As you are aware, collectively, the Class I railroads have shed about one-third or 45,000 employees from their payrolls over the past 5 years in their myopic attempt to attain a sub-60 operating ratio. They have also shed railroad-owned cars and locomotives as well as closed major hump classification yards on their respective systems under the guise of “Precision Scheduled Railroading.” Their mentality is to “sweat the [remaining] assets” and people, and do more with whatever is left. The railroads have claimed they needed to do this to remain competitive in the transportation marketplace, despite having many captive shippers with no other options. However, I view this entire PSR idea as akin to needing to remodel your kitchen, but burning your house down in the process, rebuilding it, and then boasting about your new kitchen. Along the way, the Class I railroads seem to have lost sight that they exist to serve customers, under a common-carrier obligation, and if they take care of and service their customers reliably and predictably, everything else will take care of itself. Every quarter, it seems we all read about record profits and record low operating ratios, built upon higher rates, more ancillary charges and lower volume. This model is unsustainable; employees and shippers are weary of the railroads’ excuses for poor service and promises that do not materialize, which affects the nation’s supply chain in a negative fashion.
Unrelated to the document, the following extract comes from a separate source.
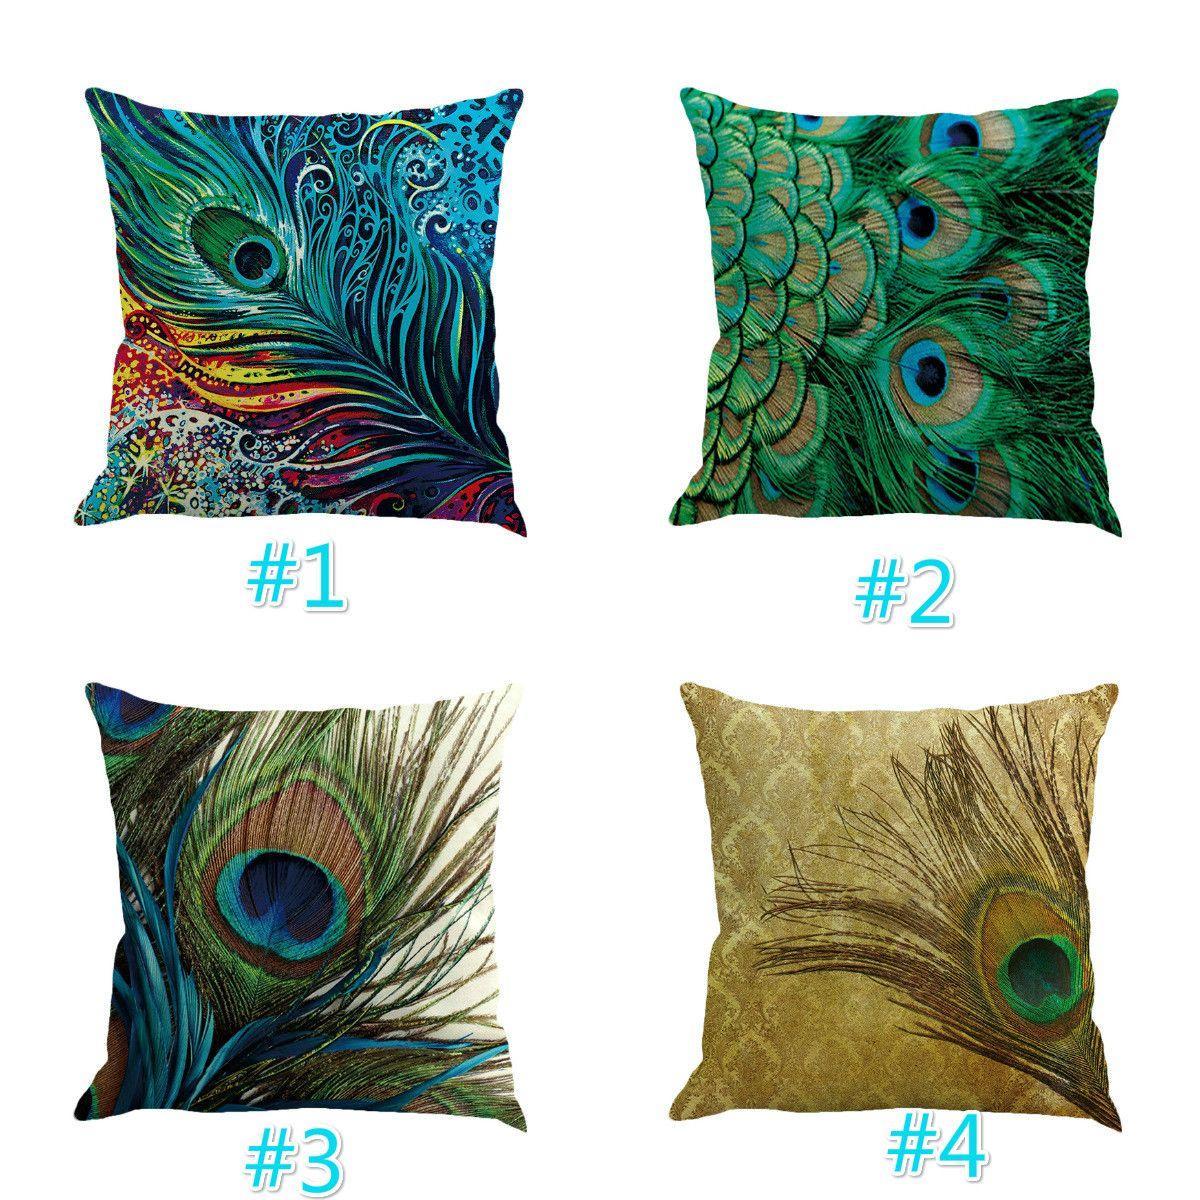 Home Textile New Creative Feather Print 45*45cm Cushion Cover Linen Throw Pillow Car Home Decoration Decorative Pillowcase

During my 25 years, it used to be unheard of for a career railroader with 10-15-20 years of service to leave their careers. Now it is commonplace. Do the railroads know why people are leaving at an alarming rate and why they are having tremendous difficulty hiring and retaining new employees? I have read BNSF has experienced around 1,000 employees leaving their ranks, thanks to their new “Hi-Viz” attendance policy. Union Pacific has a similar punitive attendance policy in place. Various surveys published over the past three years have consistently ranked CSX, Norfolk Southern and Union Pacific among the worst places to work in America. This should raise alarm at the toxic workplace culture that is pervasive in the rail industry. It is also difficult to retain and attract employees when the carriers have collectively and openly stated they wish to diminish the number of conductors and regulate them to one mobile employee, responsible for several trains on a crew district, leaving the engineer as the sole occupant on a 2- or 3-mile-long train. This is a hot topic with labor and management embroiled in National Agreement negotiations that have plodded along for more than two years. Indeed, the railroads have to make the thankless, demanding, Train & Engine (T&E) service jobs more attractive to retain existing employees and prospective candidates.

With the closure of most of the nation’s hump classification yards during the shift to PSR, the classification of freight (removing cars from a train to be switched or classified, picking up cars for destinations further along the route, and the resulting switching those cars set out along the way,) occurs at yards built a century ago, not designed to handle today’s long freight trains. The railroads seem to have forgotten that the hump classification yard, implemented more than a century ago, was discovered to be the most efficient way to classify and switch cars by allowing gravity to do the majority of the work. The hump yards were given a black eye because of high dwell time. Conversely, long dwell times are a symptom of a faulty operating plan, where often only one train is originated between points A and B. If the carriers originated more than one train at a hump yard between A and B on a given day, dwell time is magically cut in half. The hump classification yards also functioned as epicenters for locomotive and car repair, as well as crew bases for train operating crews.

At Norfolk Southern and other railroads, they have combined what used to be two or three trains in to one gigantic train, with train lengths exceeding 15,000 feet. Simply put, the existing infrastructure was never designed for these massive trains. The result is, many trains wait their turn to perform work events, congesting the system around these remaining, smaller yards, occupying space on the main track(s). It is not uncommon for a crew to spend most of a 12-hour day waiting their turn to do their work, or waiting on an opposing train to clear the main track(s) so they can proceed. Often, trains do not make it to their destinations with one crew, so another crew is needed to relieve the original crew. Crews that used to easily traverse their assigned territories no longer do so with regularity. So, while the carriers may crow they are very productive with only two men on a 2- or 3-mile-long train, the reality is they are using more people in many cases over a given crew district between origin and destination. This methodology reduces train speed, velocity, asset and crew cycle times, and increases network congestion. These massive trains are often underpowered, and the crews are given just enough locomotives to crawl along at 10-15 miles per hour. As you are aware, many locomotives have been sold or stored, and many of those remaining have defects, but few repair personnel remain to service, fix, or maintain them. Often when one locomotive is defective, it throws the entire day’s operations in to a tailspin; there are often no reserve locomotives to substitute for it. At some of the local switching yards on my railroad, T&E employees have been told by their supervisor there is no time for a heat break or lunch period; they must keep moving outside all day to classify the volume of cars within the smaller, antiquated yards.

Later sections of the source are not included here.